Forcing gufunc to error with size zero input

classic Classic list List threaded Threaded
6 messages Options
Reply | Threaded
Open this post in threaded view
|

Forcing gufunc to error with size zero input

Warren Weckesser-2
I'm experimenting with gufuncs, and I just created a simple one with
signature '(i)->()'.  Is there a way to configure the gufunc itself so
that an empty array results in an error?  Or would I have to create a
Python wrapper around the gufunc that does the error checking?
Currently, when passed an empty array, the ufunc loop is called with
the core dimension associated with i set to 0.  It would be nice if
the code didn't get that far, and the ufunc machinery "knew" that this
gufunc didn't accept a core dimension that is 0.  I'd like to
automatically get an error, something like the error produced by
`np.max([])`.

Warren
_______________________________________________
NumPy-Discussion mailing list
[hidden email]
https://mail.python.org/mailman/listinfo/numpy-discussion
Reply | Threaded
Open this post in threaded view
|

Re: Forcing gufunc to error with size zero input

Eric Wieser
Can you just raise an exception in the gufuncs inner loop? Or is there no mechanism to do that today?

I don't think you were proposing that core dimensions should _never_ be allowed to be 0, but if you were I disagree. I spent a fair amount of work enabling that for linalg because it provided some convenient base cases.

We could go down the route of augmenting the gufuncs signature syntax to support requiring non-empty dimensions, like we did for optional ones - although IMO we should consider switching from a string minilanguage to a structured object specification if we plan to go too much further with extending it.

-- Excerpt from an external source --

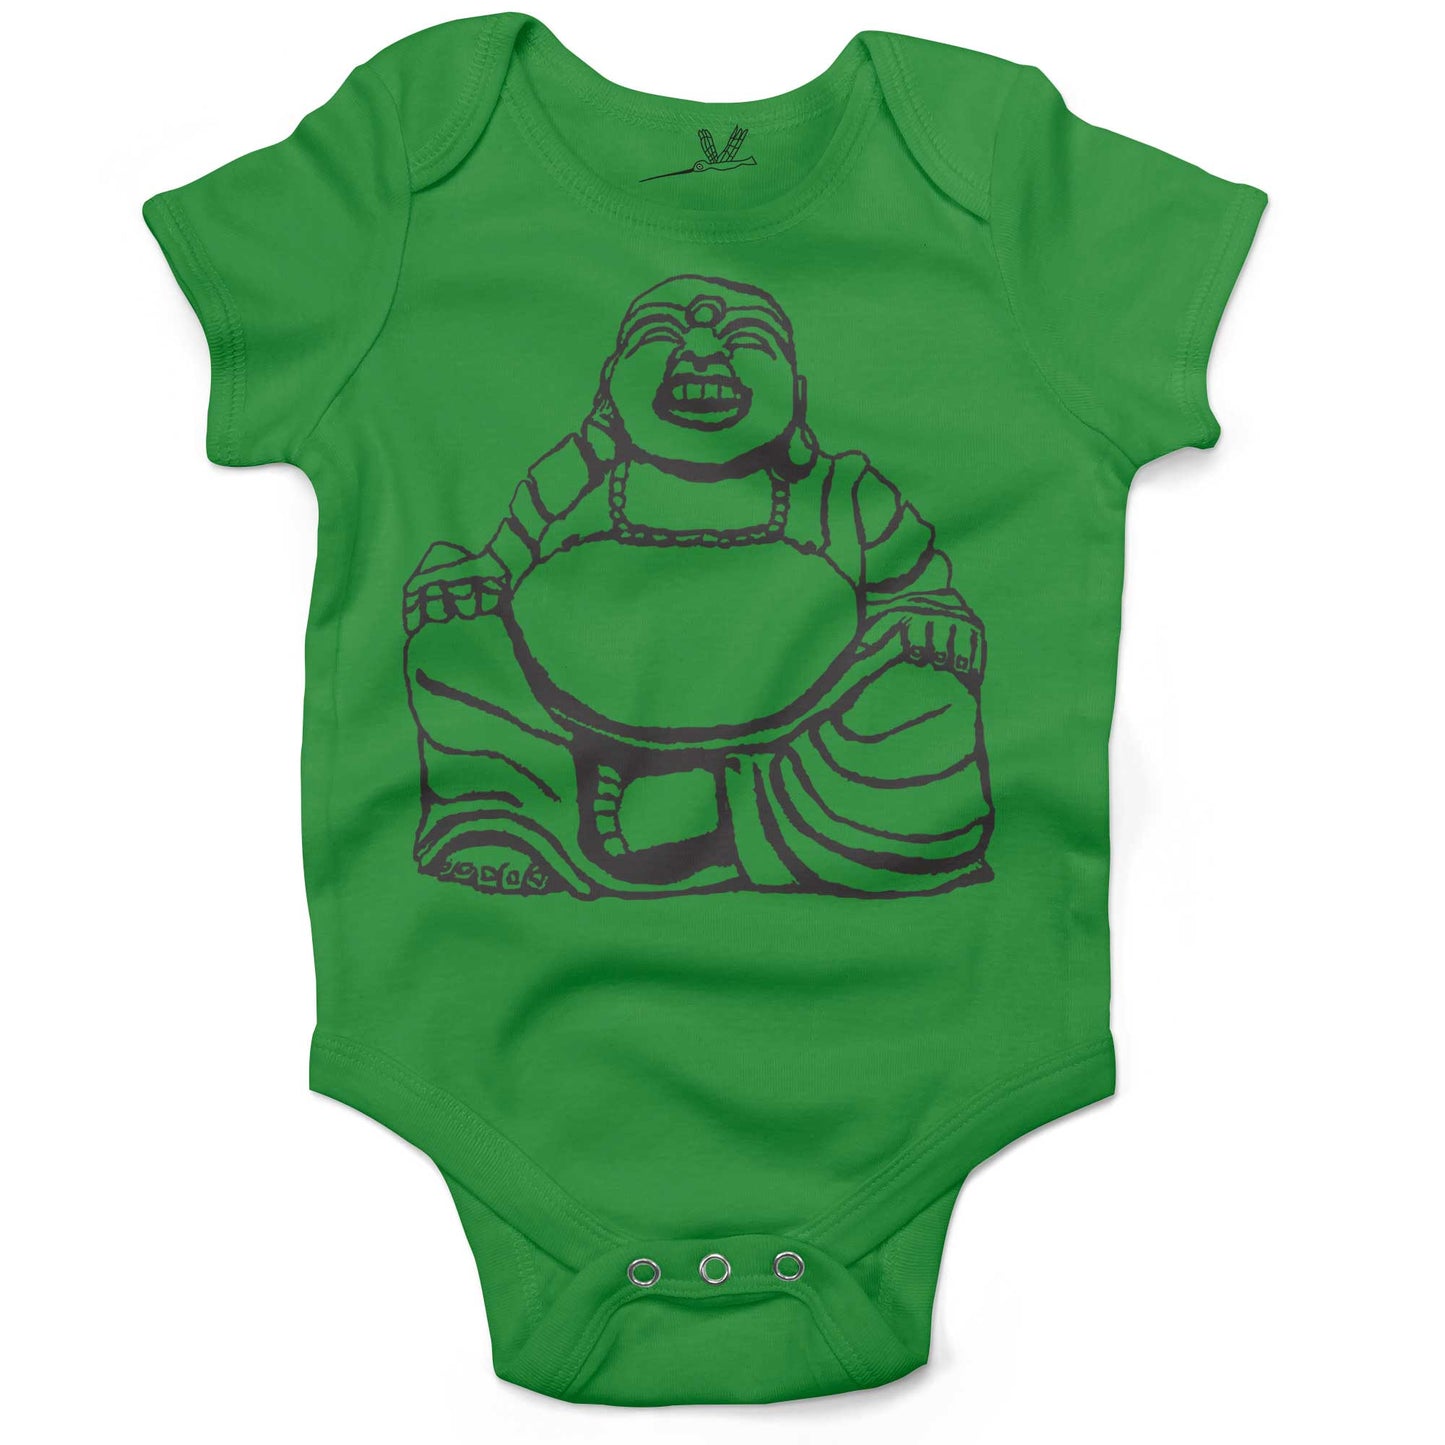 Laughing Buddha Infant Bodysuit or Raglan Baby Tee-Grass Green-3-6 months

On Sat, Sep 28, 2019, 17:47 Warren Weckesser <[hidden email]> wrote:
I'm experimenting with gufuncs, and I just created a simple one with
signature '(i)->()'.  Is there a way to configure the gufunc itself so
that an empty array results in an error?  Or would I have to create a
Python wrapper around the gufunc that does the error checking?
Currently, when passed an empty array, the ufunc loop is called with
the core dimension associated with i set to 0.  It would be nice if
the code didn't get that far, and the ufunc machinery "knew" that this
gufunc didn't accept a core dimension that is 0.  I'd like to
automatically get an error, something like the error produced by
`np.max([])`.

Warren
_______________________________________________
NumPy-Discussion mailing list
[hidden email]
https://mail.python.org/mailman/listinfo/numpy-discussion

_______________________________________________
NumPy-Discussion mailing list
[hidden email]
https://mail.python.org/mailman/listinfo/numpy-discussion
Reply | Threaded
Open this post in threaded view
|

Re: Forcing gufunc to error with size zero input

Warren Weckesser-2
On 9/28/19, Eric Wieser <[hidden email]> wrote:
> Can you just raise an exception in the gufuncs inner loop? Or is there no
> mechanism to do that today?

Maybe?  I don't know what is the idiomatic way to handle errors
detected in an inner loop.  And pushing this particular error
detection into the inner loop doesn't feel right.


>
> I don't think you were proposing that core dimensions should _never_ be
> allowed to be 0,


No, I'm not suggesting that.  There are many cases where a length 0
core dimension is fine.

I'm interested in the case where there is not a meaningful definition
of the operation on the empty set.  The mean is an example.  Currently
`np.mean([])` generates two warnings (one useful, the other cryptic
and apparently incidental), and returns nan.  Returning nan is one way
to handle such a case; another is to raise an error like `np.amax([])`
does.  I'd like to raise an error in the example that I'm working on
('peaktopeak' at https://github.com/WarrenWeckesser/npuff).  The
function is a gufunc, not a reduction of a binary operation, so the
'identity' argument  of PyUFunc_FromFuncAndDataAndSignature has no
effect.

> but if you were I disagree. I spent a fair amount of work
> enabling that for linalg because it provided some convenient base cases.
>
> We could go down the route of augmenting the gufuncs signature syntax to
> support requiring non-empty dimensions, like we did for optional ones -
> although IMO we should consider switching from a string minilanguage to a
> structured object specification if we plan to go too much further with
> extending it.

After only a quick glance at that code: one option is to add a '+'
after the input names in the signature that must have a length that is
at least 1.  So the signature for functions like `mean` (if you were
to reimplement it as a gufunc, and wanted an error instead of nan),
`amax`, `ptp`, etc, would be '(i+)->()'.

However, the only meaningful uses-cases of this enhancement that I've
come up with are these simple reductions.  So I don't know if making
such a change to the signature is worthwhile.  On the other hand,
there are many examples of useful 1-d reductions that aren't the
reduction of an associative binary operation.  It might be worthwhile
to have a new convenience function just for the case '(i)->()', maybe
something like PyUFunc_OneDReduction_FromFuncAndData (ugh, that's
ugly, but I think you get the idea), and that function can have an
argument to specify that the length must be at least 1.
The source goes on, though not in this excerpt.